New Mexico Gov. Bill Richardson (D) is term-limited and can’t seek re-election in 2010. Democrats control both the state House and Senate, making next cycle’s gubernatorial race a top priority in terms of the party’s redistricting strategy.

While today’s Congressional results will no doubt be a factor as party strategists look ahead to reapportionment and redistricting in the 2012 cycle, the outcome of the presidential election will also have a big impact.
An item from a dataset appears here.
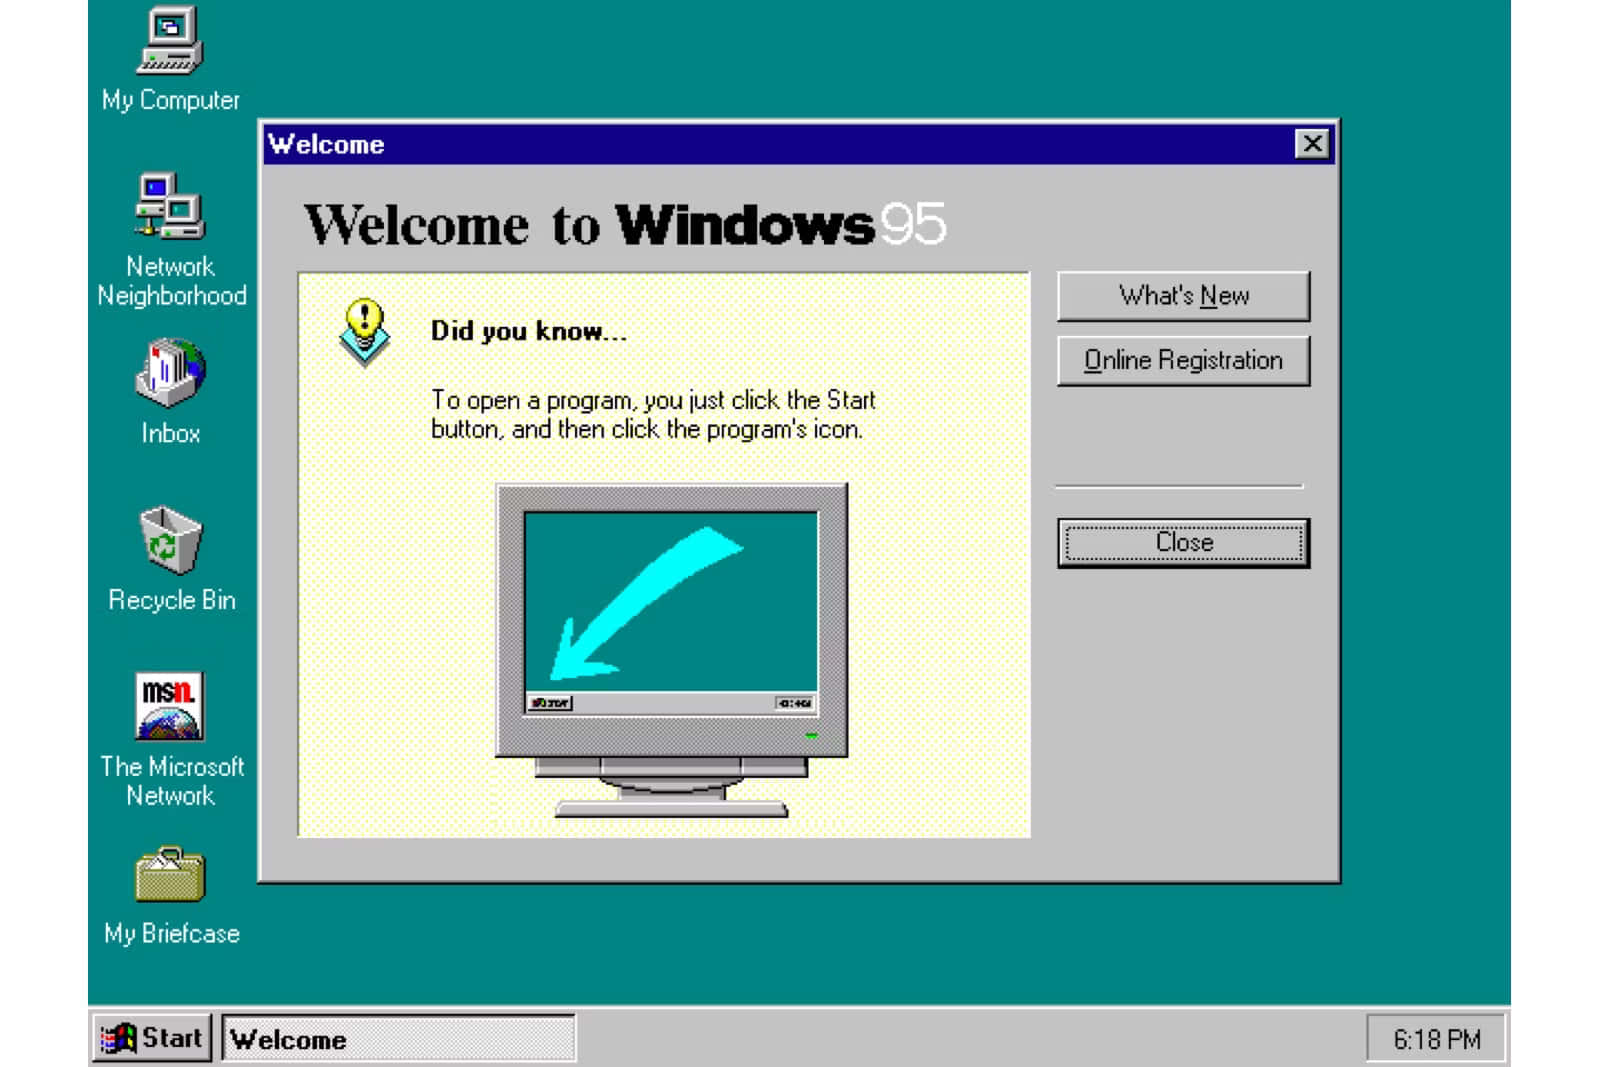 Den pålidelige, brugervenlige platform: Windows 95

Campaign strategists who follow the redistricting process closely note that if Obama is victorious today, it will be the first time since 1960 — but more importantly the first time since passage of civil rights rights legislation in the mid-1960s — that a Democratic administration will be in power during a Census and redistricting process. That means a Democratic-appointed attorney general and Justice Department, whose Civil Rights Division is responsible for approving the new legislative maps of 16 states under the Voting Rights Act, will oversee the process.